The driver streams captured audio on two independent, parallel paths:
| Path | Output rate | Resampling | Metadata | Consumer |
|---|
| WebRTC (Opus) | 48 kHz (always) | Yes, if hardware ≠ 48 kHz | stream_attributes.sample_rate in MQTT offer | Frontend, media service |
| Zenoh (raw PCM) | Hardware native | Never | sample_rate_hz, channels, encoding, layout in wire header | @cw.on_audio workers |
WebRTC path
Audio is resampled to 48 kHz (the Opus codec’s internal rate) before entering the WebRTC queue. The stream_attributes field in the MQTT webrtc-offer payload includes the actual sample_rate used, so the media service and frontend can verify compliance. The media service router uses standard mediasoup Opus negotiation — no custom validation is needed.
Zenoh path
Raw PCM chunks are published at the hardware’s native capture rate with no resampling. On the first publish, the Zenoh wire header carries metadata:
{
"sample_rate_hz": 32000,
"channels": 1,
"encoding": "pcm_s16le",
"layout": "mono"
}
@cw.on_audio workers receive this metadata so they can correctly interpret the raw audio bytes.
Parallelism
The PortAudio callback places raw audio into a zero-copy swap buffer for Zenoh (O(1)) and queues resampled audio for WebRTC. Three threads run in true parallel: PortAudio capture, Zenoh publisher, and WebRTC streamer.
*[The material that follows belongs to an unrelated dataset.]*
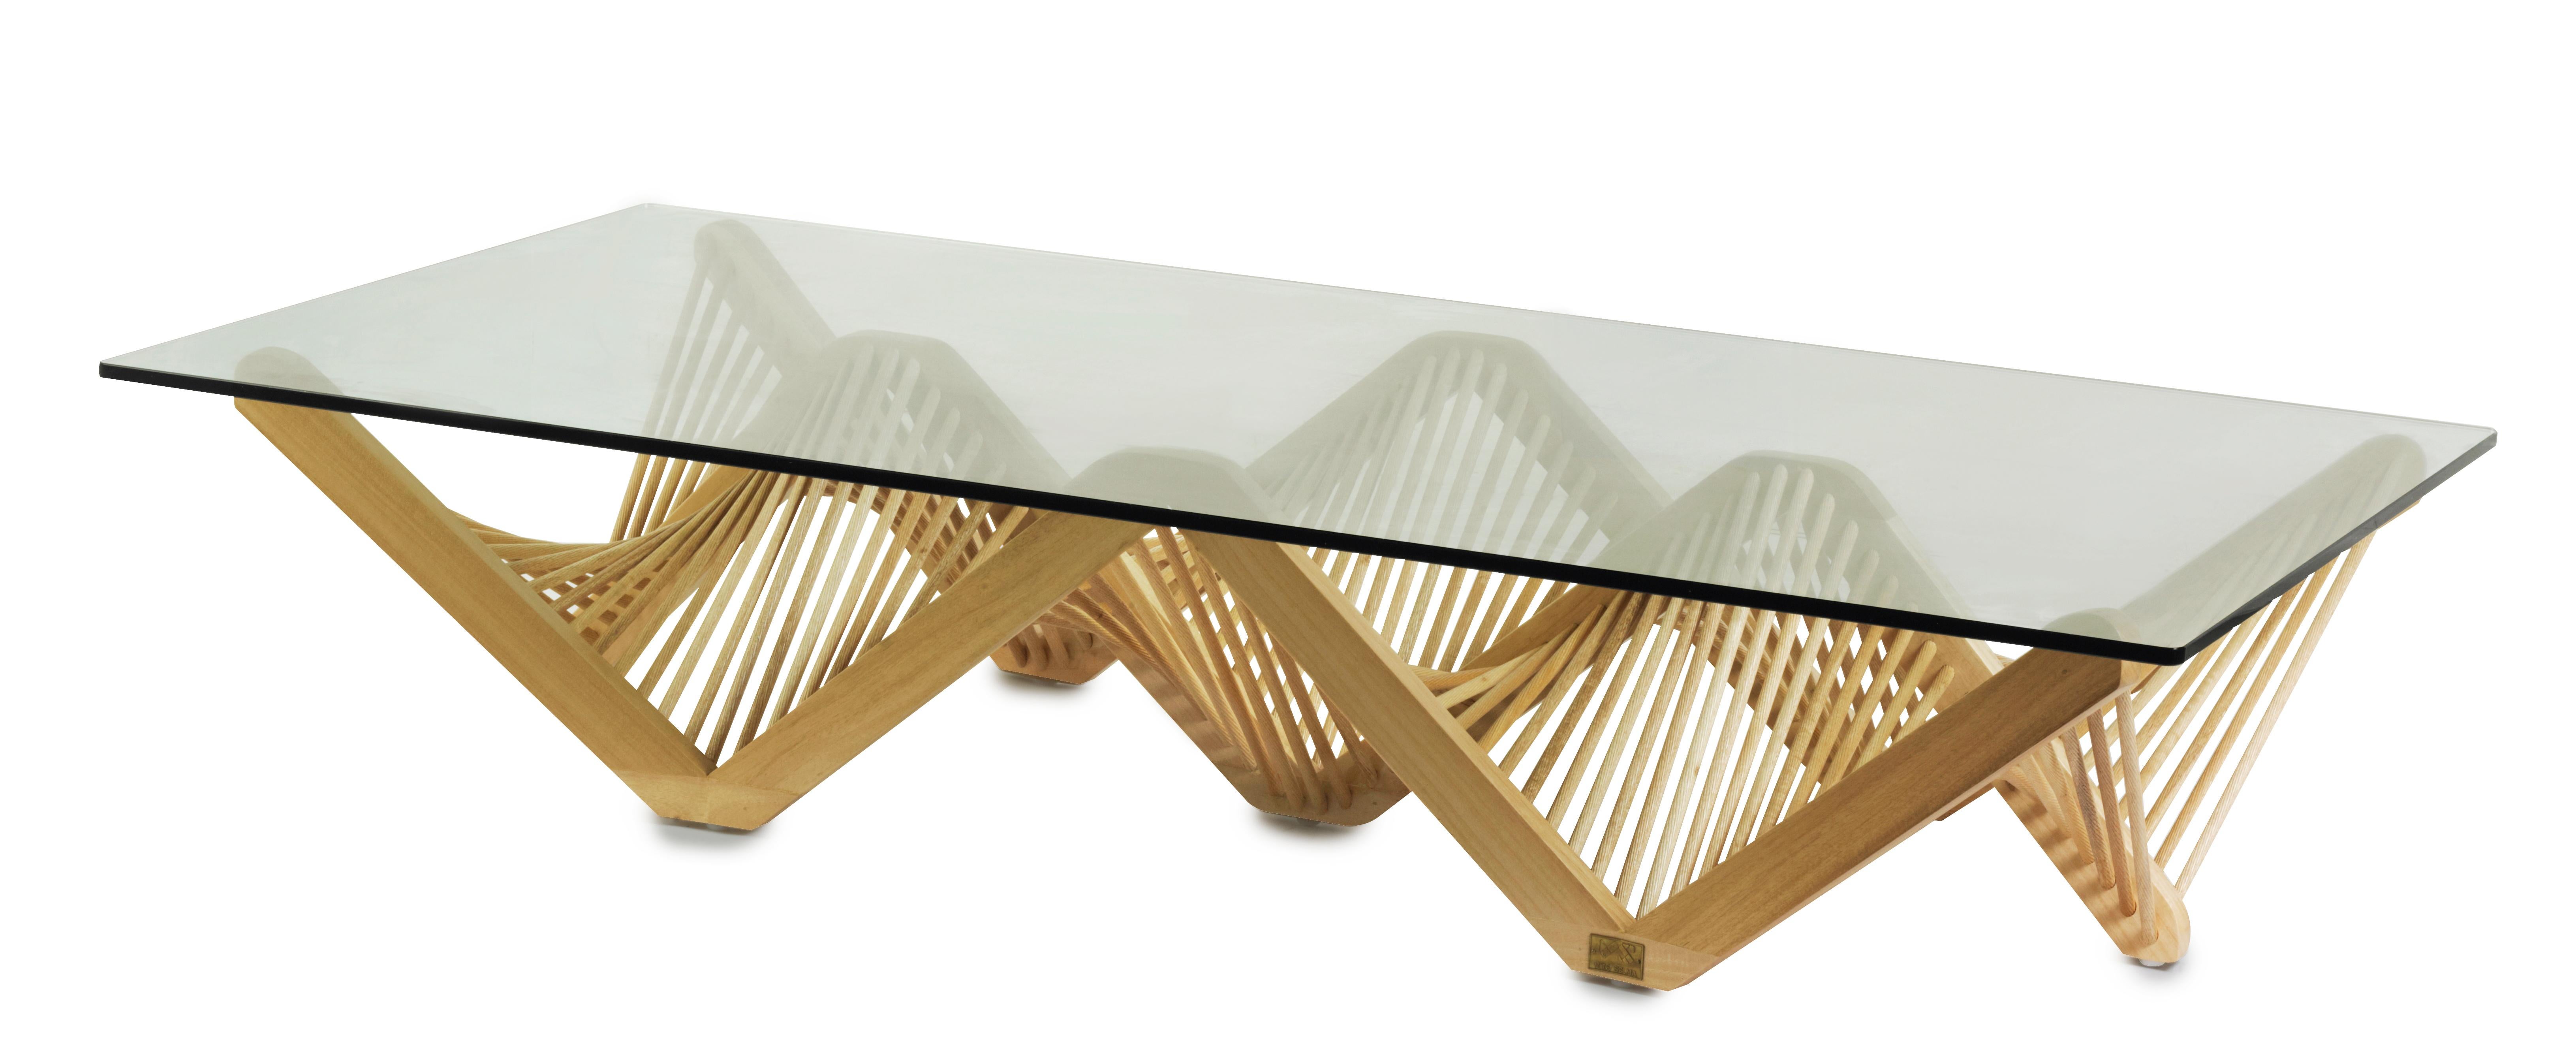 Ce design innovant, conçu par Vito Selma, présente un arrangement captivant de formes géométriques fabriquées en bois de lauan. Le réseau audacieux de formes interconnectées ajoute un élément d'intrigue à l'ensemble du design. Avec sa construction

The driver publishes both rates to the twin metadata under audio_device:
| Field | Description |
|---|
capture_sample_rate | Hardware native rate (e.g. 32000) |
stream_sample_rate | WebRTC output rate (48000 when resampling is on) |
channels | Channel count |
layout | "mono" or "stereo" |
software_resampling | Whether resampling is active |
Success Checks
docker compose up with a USB microphone streams audio to the microphone twin.
- Frontend MQTT
start_audio / stop_audio toggles recording while preserving an already-active WebRTC connection.
- Zenoh
audio/default chunks are consumable by an on_audio worker hook at the hardware’s native sample rate.
- Startup logs list available devices;
CYBERWAVE_METADATA_AUDIO_DEVICE selects a specific one.
- USB disconnect and reconnect transitions through alert, reconnect, and alert resolution.
For source-level details, see the Generic Microphone Driver README.